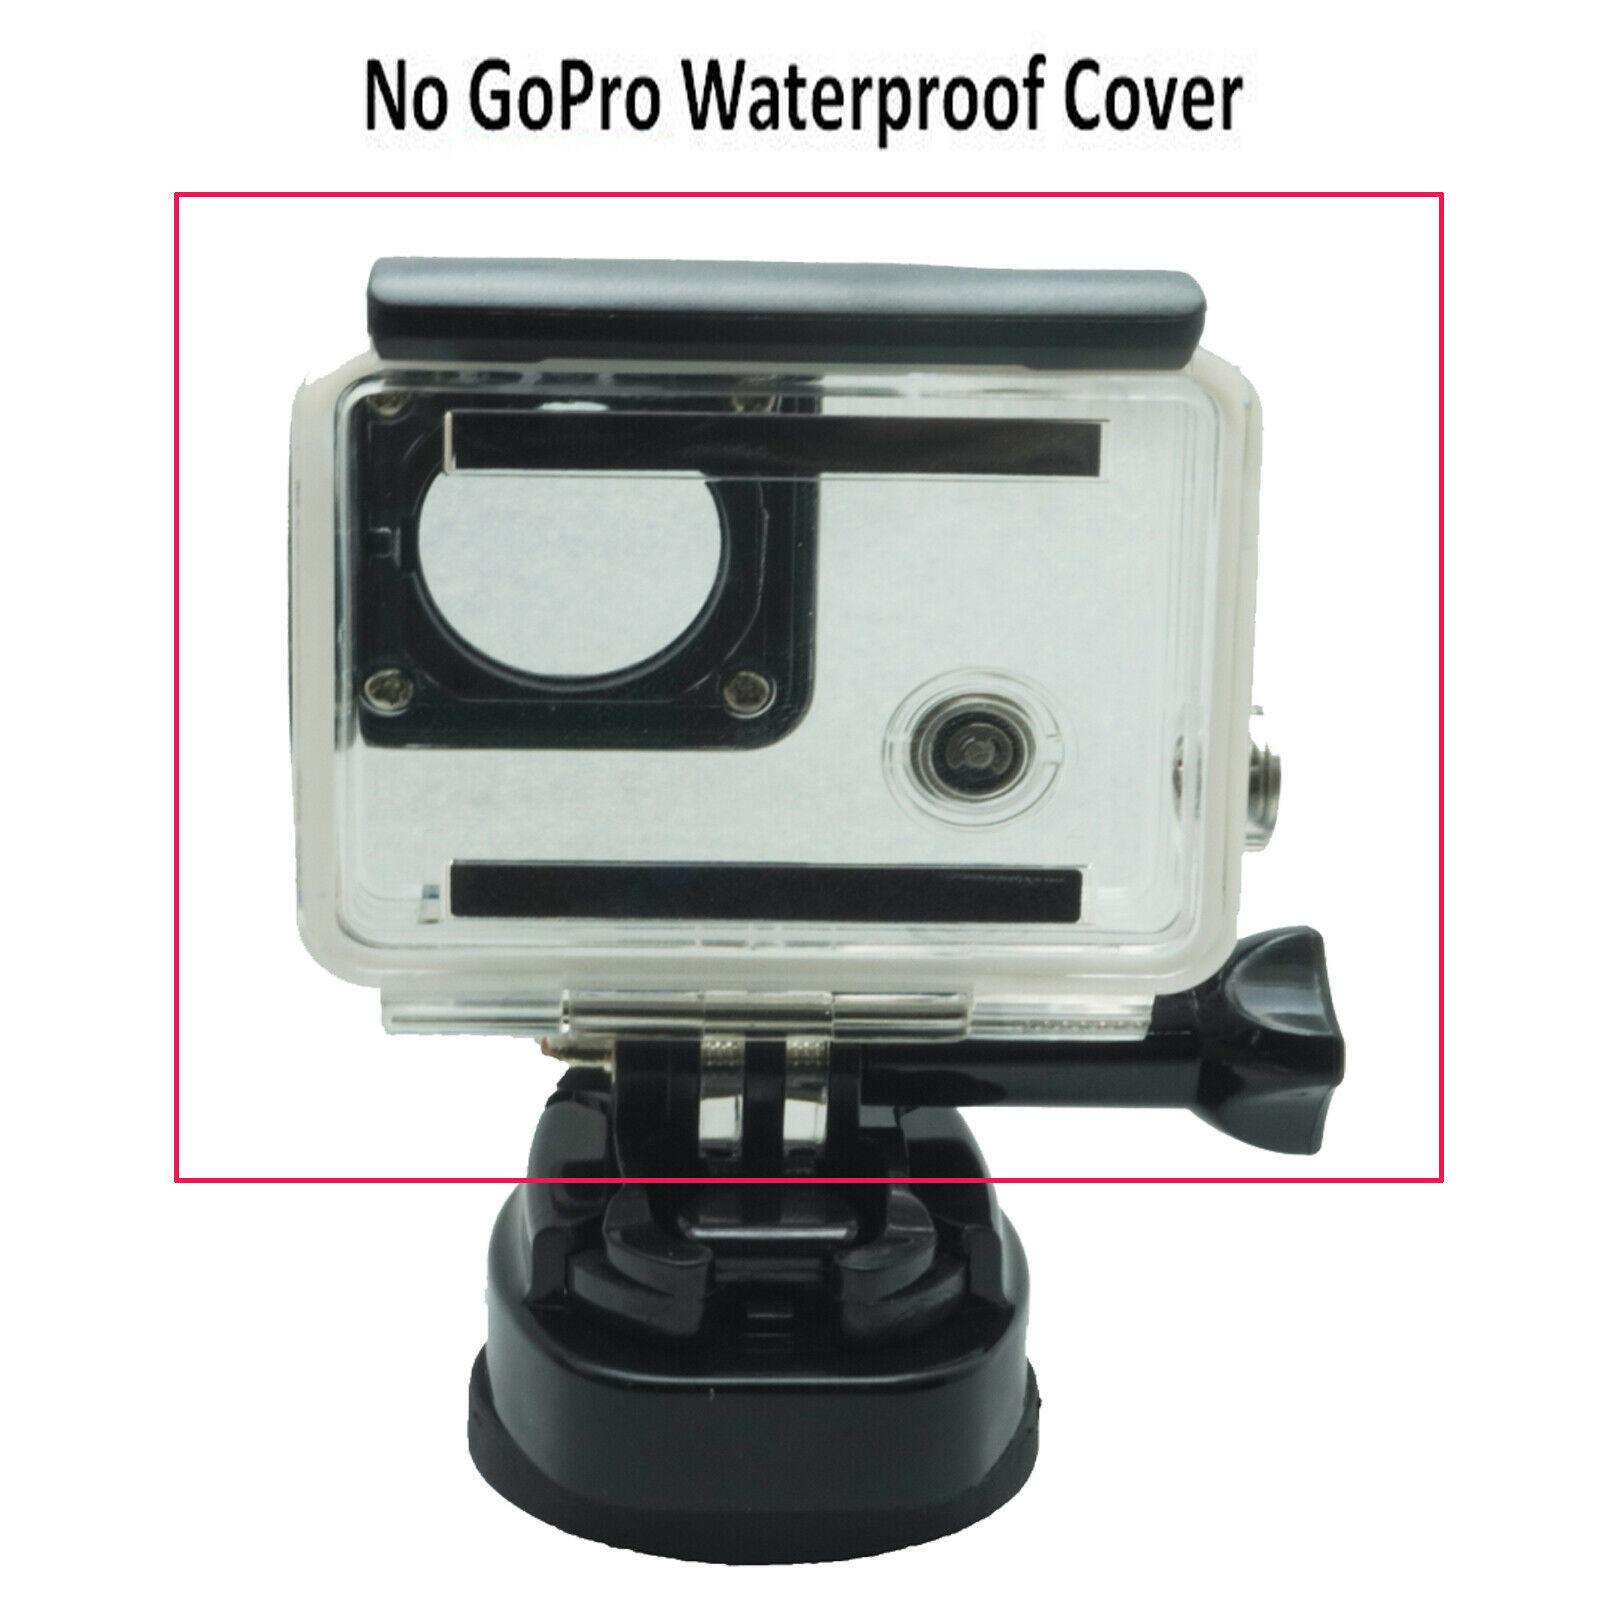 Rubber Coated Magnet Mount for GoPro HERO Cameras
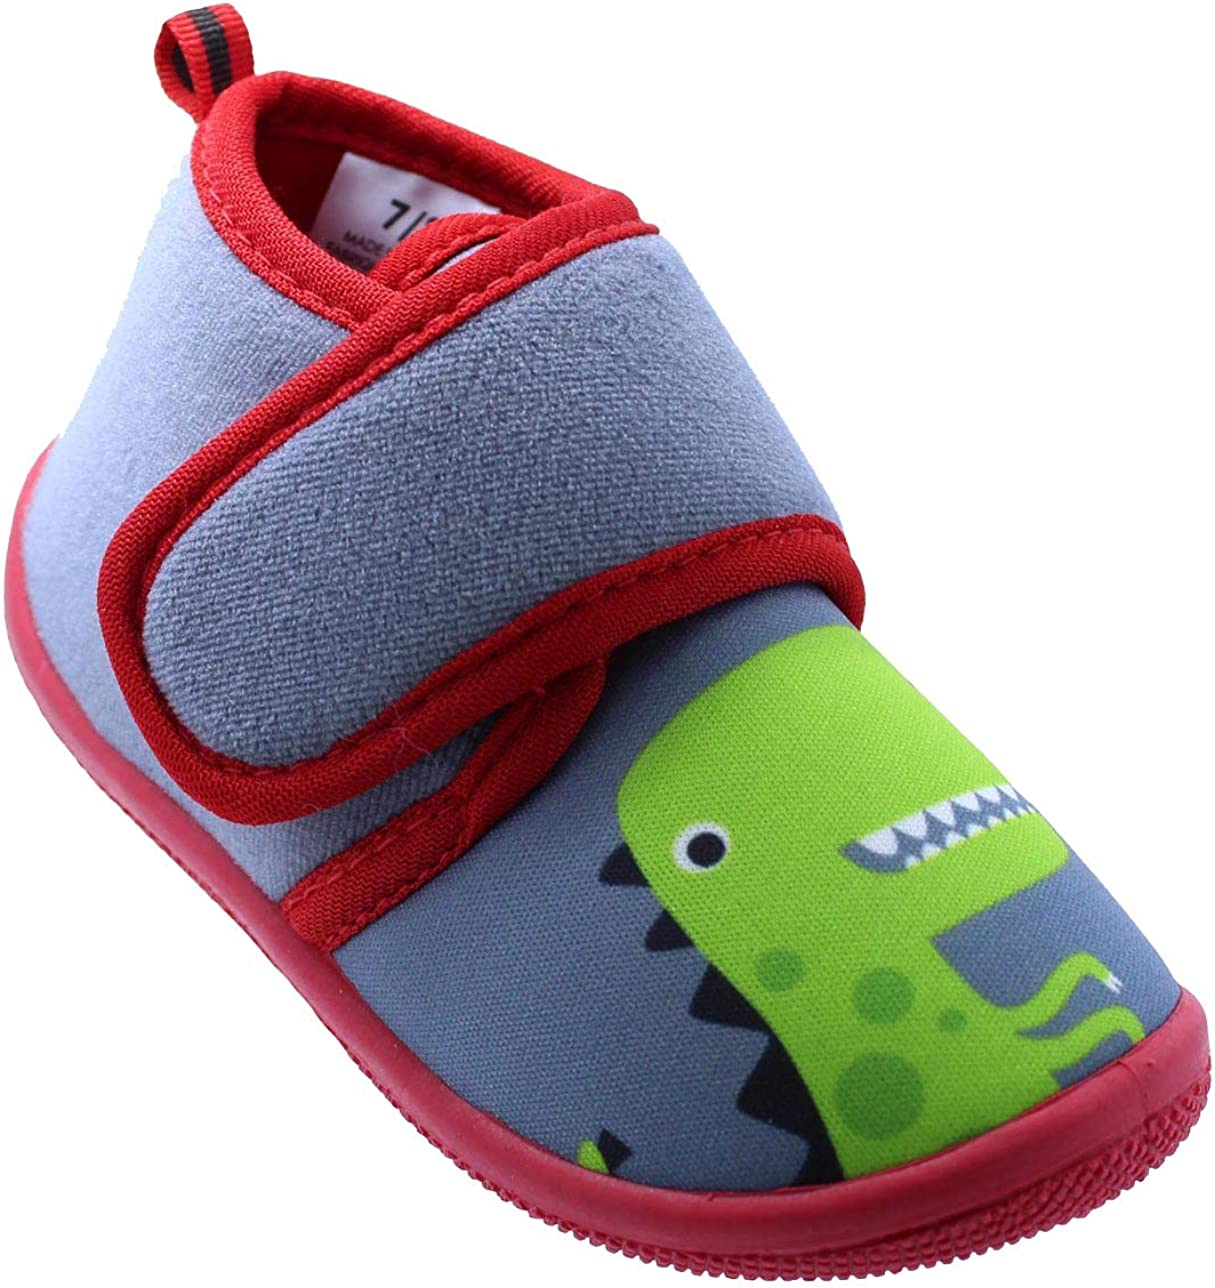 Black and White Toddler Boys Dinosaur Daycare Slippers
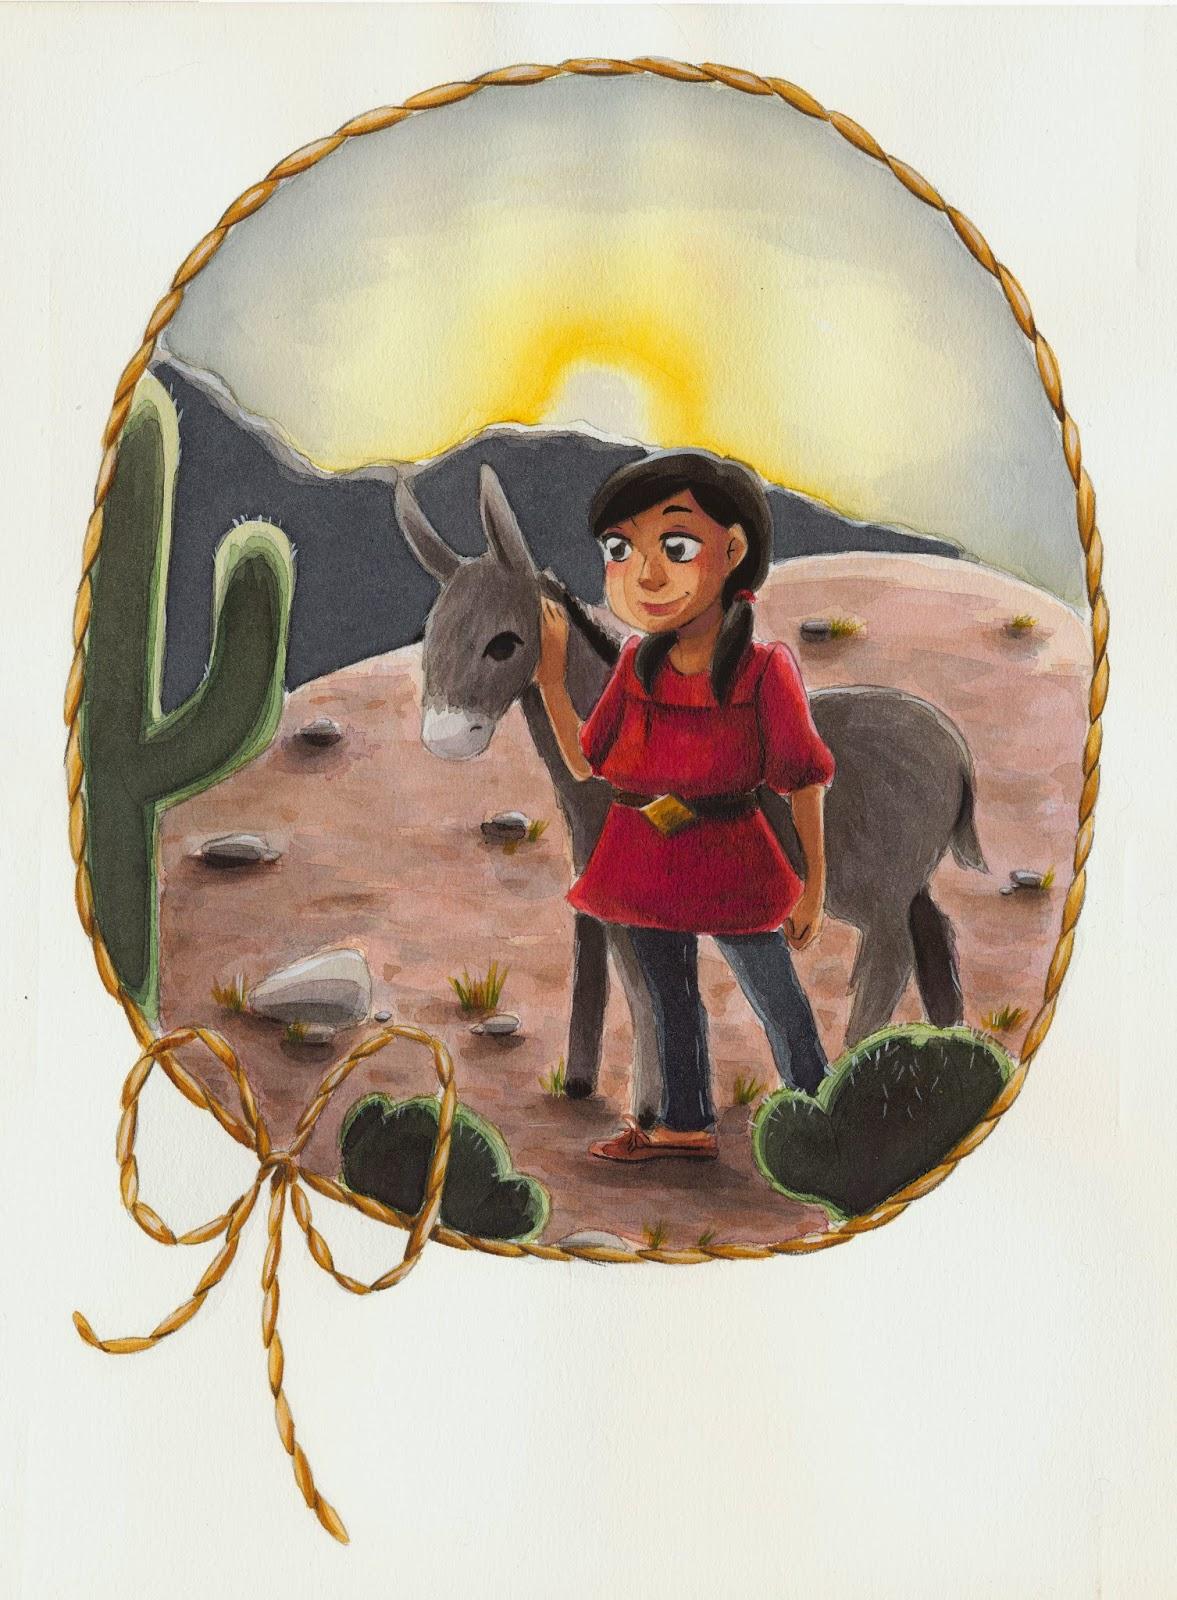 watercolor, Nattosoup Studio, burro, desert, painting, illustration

● ● ● ●

• Your objective:
Copy all the material exactly; omit images.

• Solution for this exercise:
 Rubber Coated Magnet Mount for GoPro HERO Cameras
 Black and White Toddler Boys Dinosaur Daycare Slippers
 watercolor, Nattosoup Studio, burro, desert, painting, illustration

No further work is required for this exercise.